TODAY, bathroom décor is so sterile and uninviting; whereas, back in the 1960s and 70s it was place of fun colors and whimsical decorations… and, yes, things did get a little weird. Take for instance, the bathroom pictured above – it looks like a delectable cake. For a moment, it seems like an inviting little birthday party and I forget that this is a place meant for pooping.
Who wouldn’t love a sherbet orange bathroom? I’ve mentioned this on several occasions: the colors of the 1970s were: Avocado Green, Harvest Yellow, Burnt Orange, and Brown. Some variations existed, such as replacing Mustard Yellow for Harvest Yellow, but the hallowed color palette of the Seventies was largely unbreakable. And it loud as these colors seem, they were actually calmer than the mod colors of the previous decade.
This catalog page comes from 1982. By then, the colors of the 70s had been jettisoned in favor of pastels. Goodbye earth tones, hello Miami Vice.
The towel lady at the top almost looks like she’s putting on a burlesque show for us. Only in the 70s did bathroom towel adverts look like the start of a porno.
Could some kind reader please explain what the hell this detachable base thingy is? Is this so that I can urinate while I brush my teeth? Inquiring minds want to know.
This 1983 shower wall looks like a disgusting patch of mildew, until you realize it’s just a ill-advised mural. I’d also like to point out something that all bathroom catalog pages had in common: without exception, there’s a chick in the picture and never a guy.
Can your mind even comprehend for a moment if, instead, this was a big hairy man in the bathtub washing his back? Not only would nobody buy this product, but the catalog itself would be discarded or burned, forever a painful memory for those unlucky enough to have gazed upon its pages.
More shower wall murals. At least these aren’t as easily confused with patches of deadly black mold. Regardless of whether it’s recognizable as art or fungus, it would still be considered the height of tackiness for a bathroom of today. As I stated at the outset, bathrooms are supposed to be sterile and coldly unwelcoming.
Thick velour padding for a bathroom probably seemed like a great idea at the time. However, all it takes is one houseguest with an unruly urine stream to come along and turn your velour palace into an unsanitary hellhole. Lush carpeting is maybe not the best idea for place of frequent pooping….
….unless, of course, your bathroom is carpeted doo-doo brown. This doesn’t solve the odor and inherent uncleanliness, but it’s a brilliant solution nonetheless.
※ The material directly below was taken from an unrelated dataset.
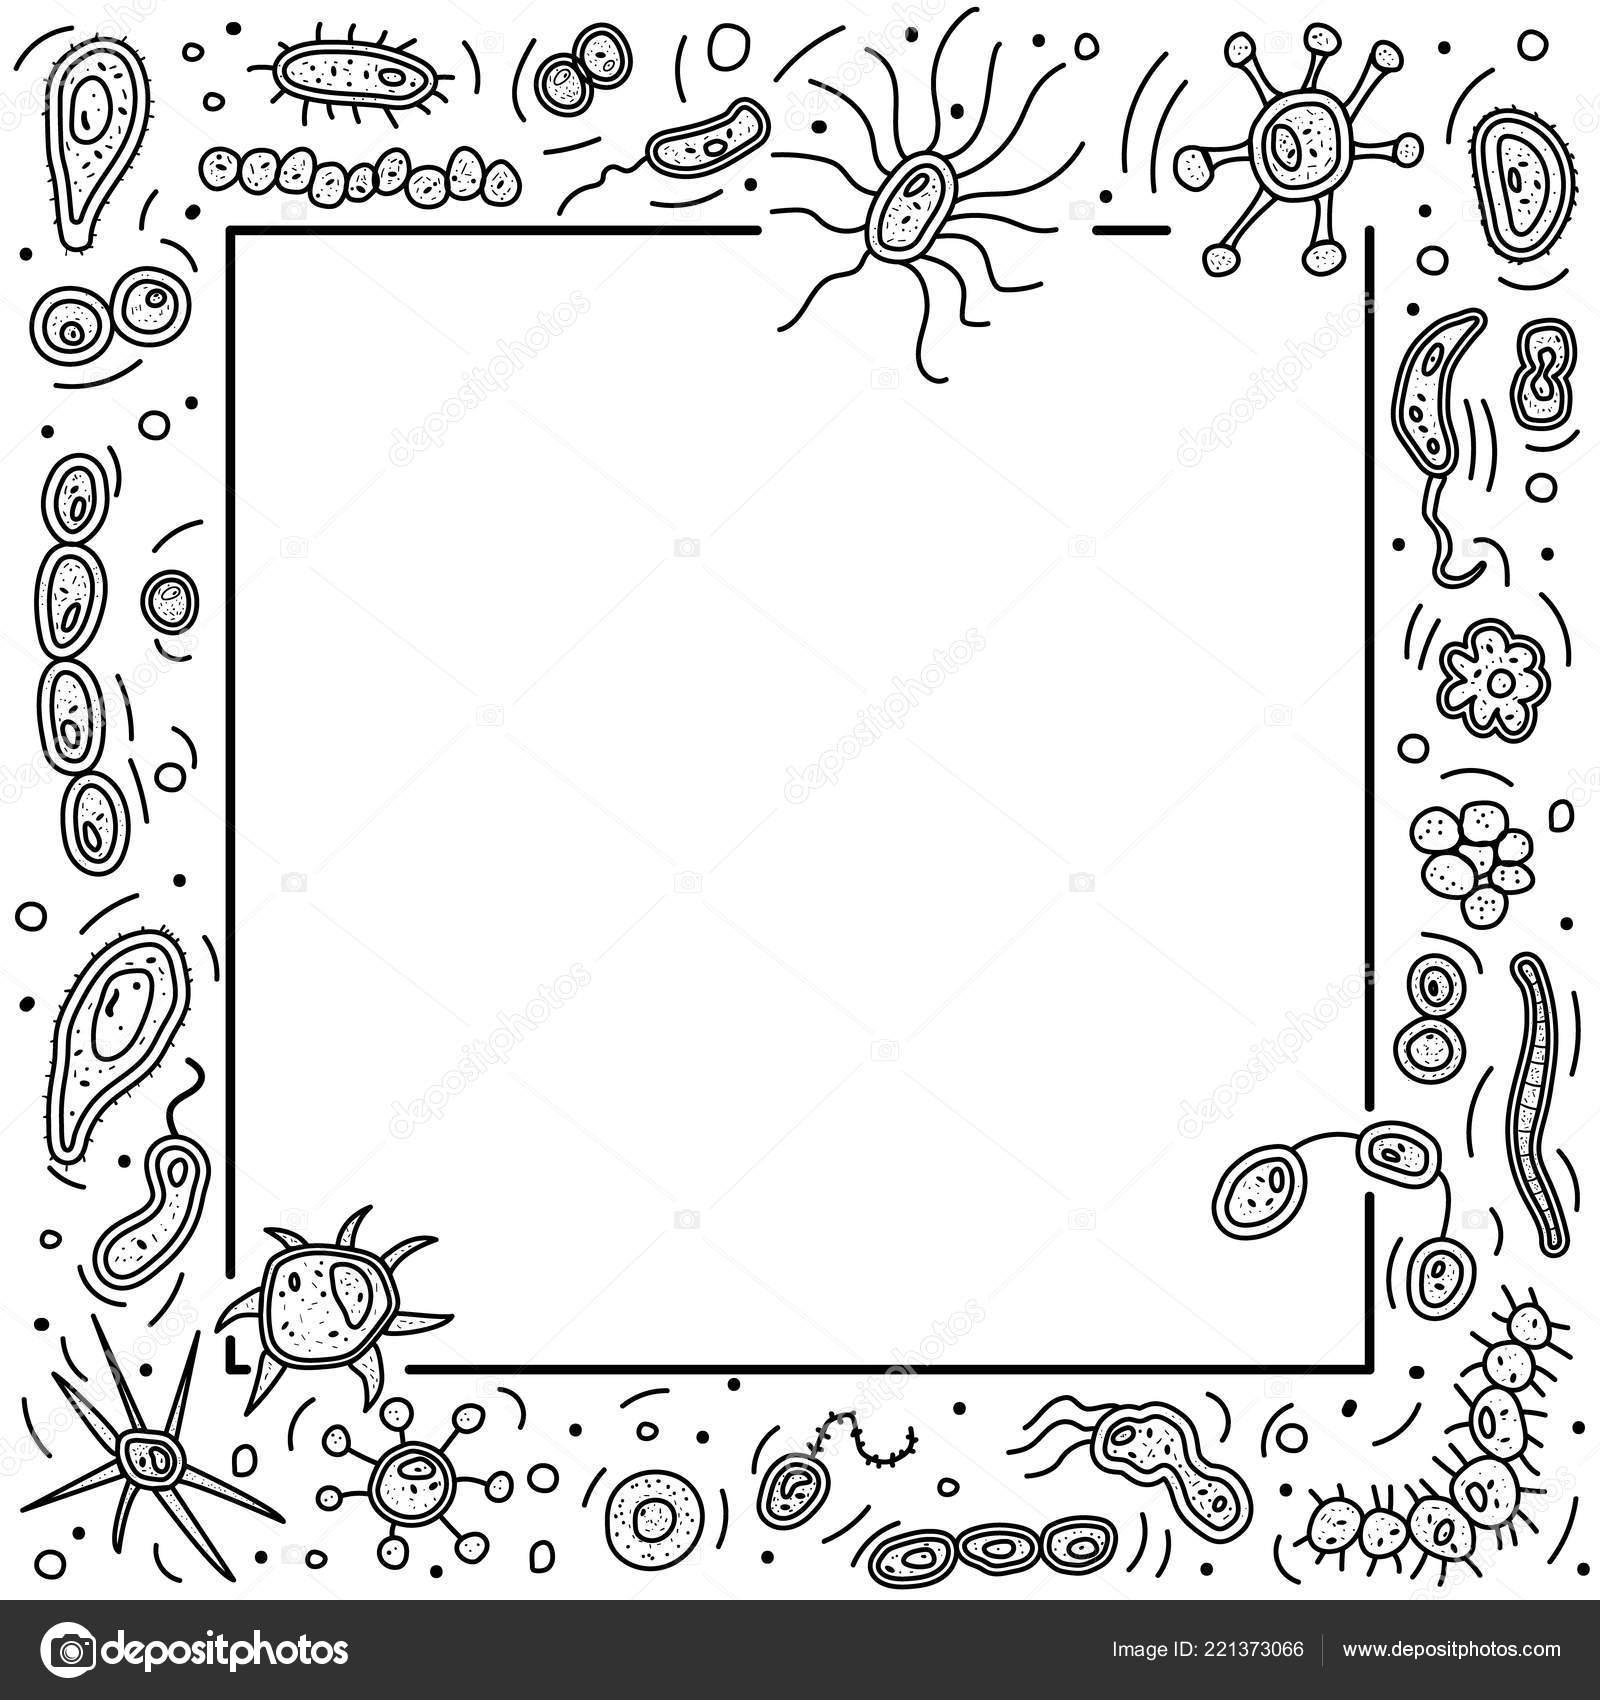 Células de bactérias definir a composição. Ilustração

“Look 3 inches!” When I said the bathroom carpeting of the 70s was lush, I meant it. I’m sure the dense canopies of Dacron were thriving ecosystems of E. Coli and fungi living in symbiotic harmony. 1970s bathrooms should have been declared protected nature preserves.
The text for this 1970 catalog page states that “VIP” stands for “Very Important Price”. However, I think “Vision Impairing Pink” seems more apt.
Is it just me, or does she look a little concerned that there’s an intruder in the house? “What’s that noise? I thought I heard something down the hall. Probably just the cat….”
Choose from a variety of enclosure styles, all resembling close-ups of chronic skin conditions. On sale now – Psoriasis Yellow– while supplies last!
And finally, it just wouldn’t be right to go on about retro bathrooms and not mention the wallpaper. Say what you will about 1970s tastes, it can never be accused of being plain.